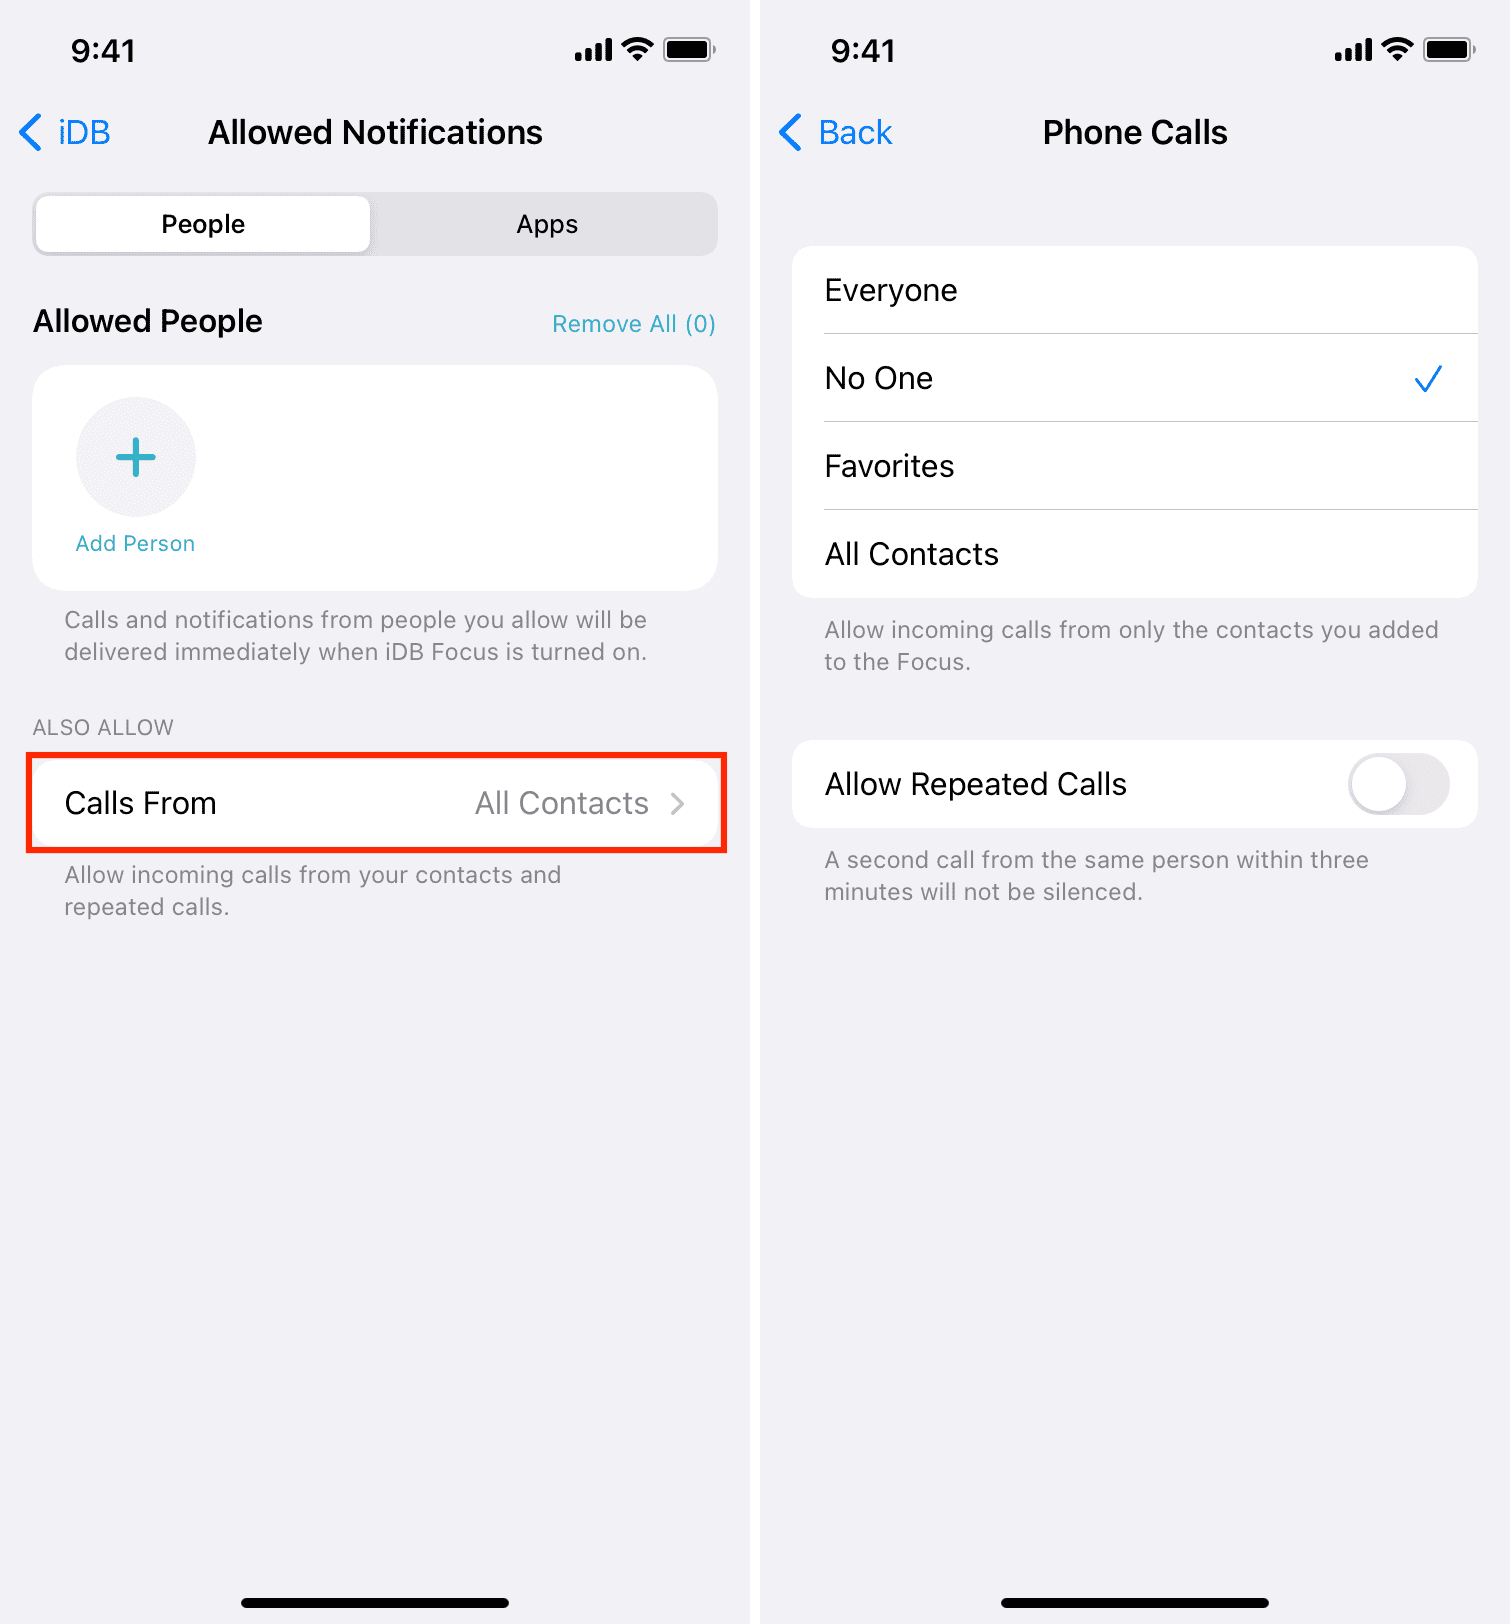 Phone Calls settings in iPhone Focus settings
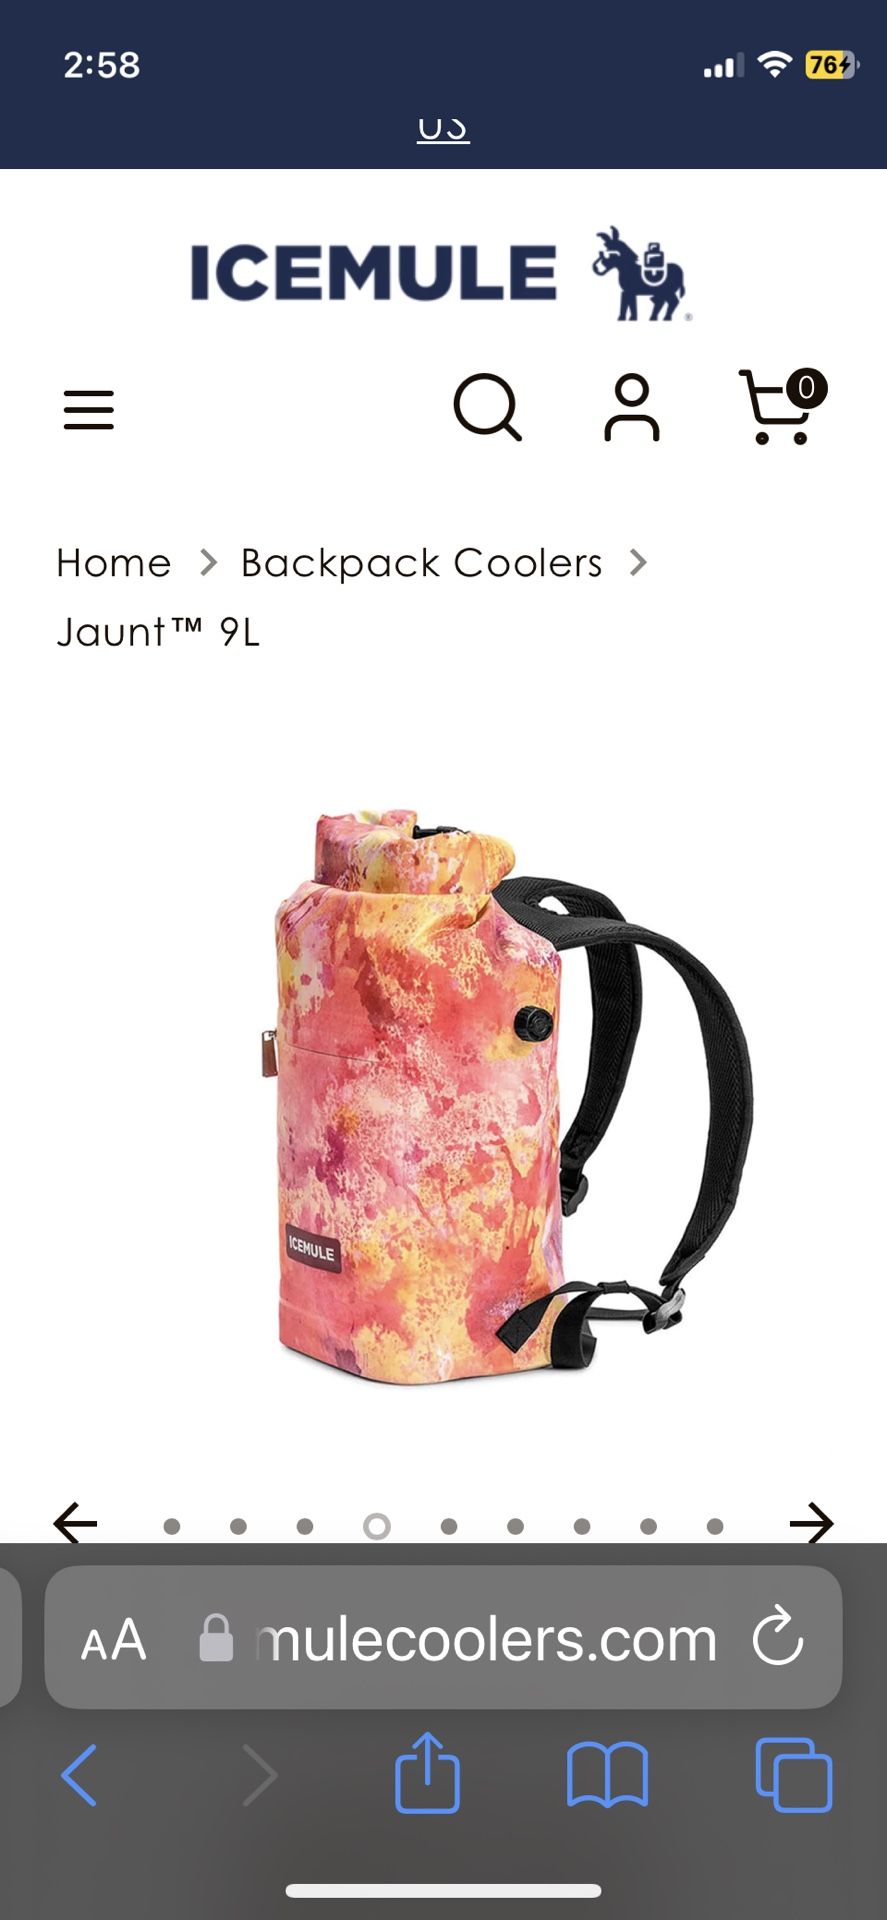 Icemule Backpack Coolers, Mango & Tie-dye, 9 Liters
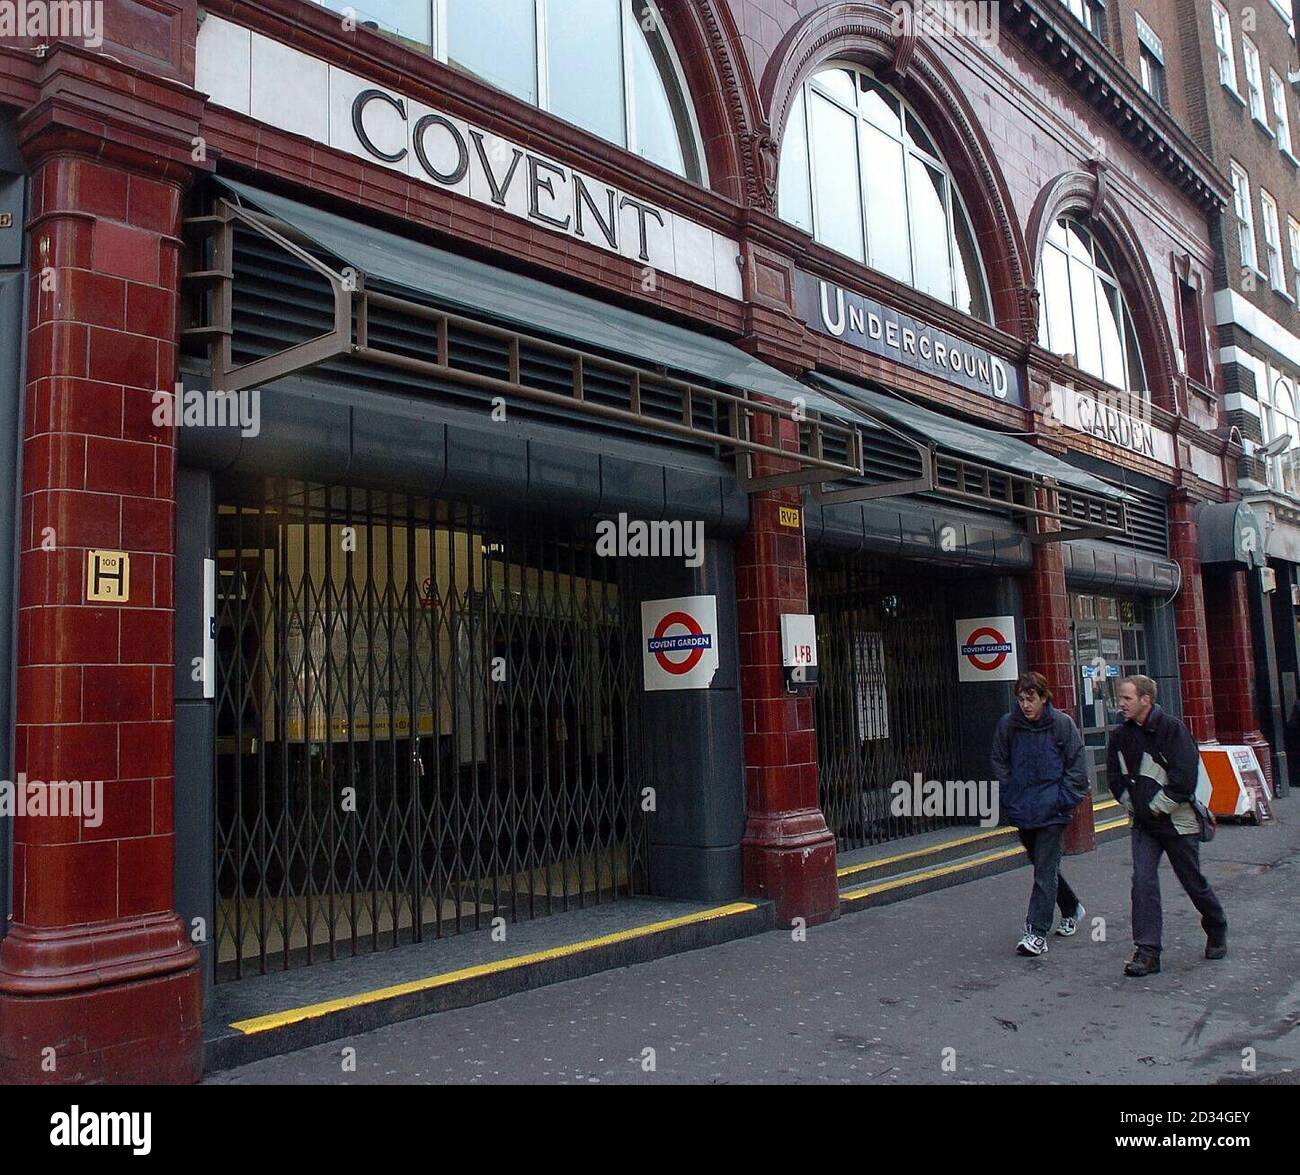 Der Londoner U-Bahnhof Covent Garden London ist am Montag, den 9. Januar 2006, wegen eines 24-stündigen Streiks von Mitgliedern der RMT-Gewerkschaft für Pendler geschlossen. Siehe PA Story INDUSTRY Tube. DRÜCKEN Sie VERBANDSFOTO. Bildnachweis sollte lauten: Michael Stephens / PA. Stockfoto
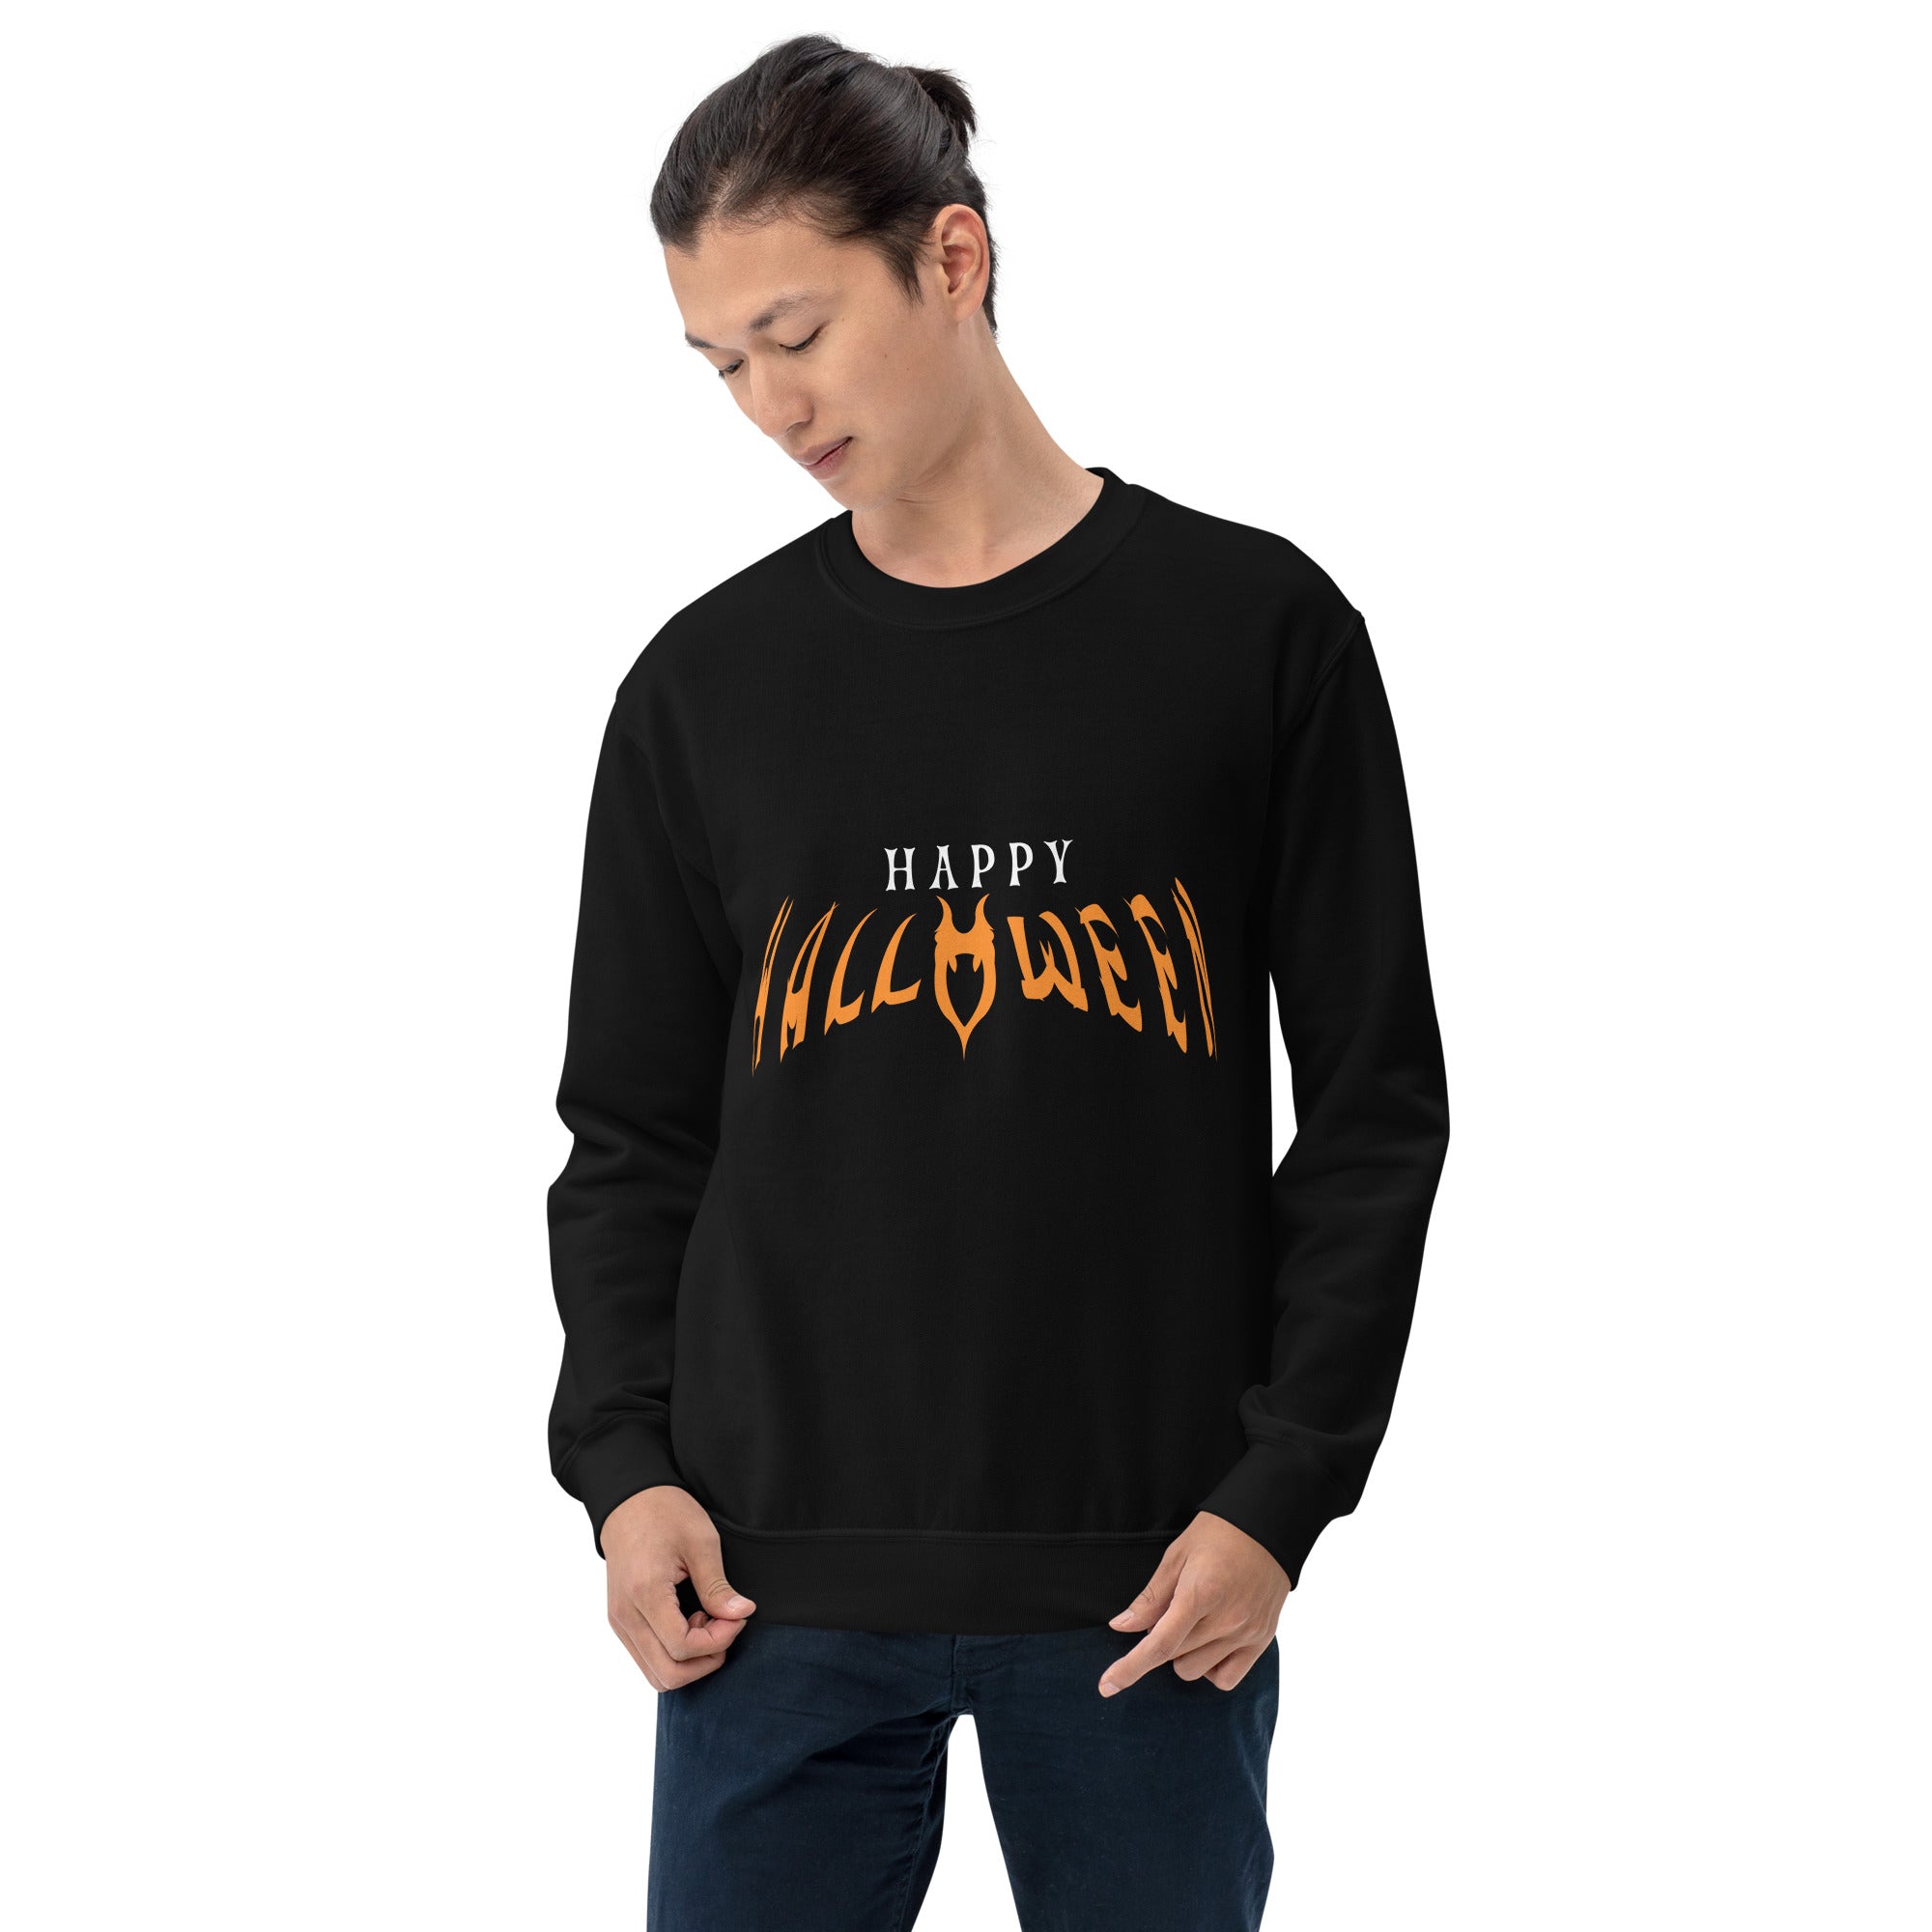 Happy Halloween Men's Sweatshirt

|---|

Work to be completed ▸
Your answer should reproduce every line of the data verbatim and include no images.

Exercise answer ▸
 Phone Calls settings in iPhone Focus settings
 Icemule Backpack Coolers, Mango & Tie-dye, 9 Liters
 Der Londoner U-Bahnhof Covent Garden London ist am Montag, den 9. Januar 2006, wegen eines 24-stündigen Streiks von Mitgliedern der RMT-Gewerkschaft für Pendler geschlossen. Siehe PA Story INDUSTRY Tube. DRÜCKEN Sie VERBANDSFOTO. Bildnachweis sollte lauten: Michael Stephens / PA. Stockfoto
 Happy Halloween Men's Sweatshirt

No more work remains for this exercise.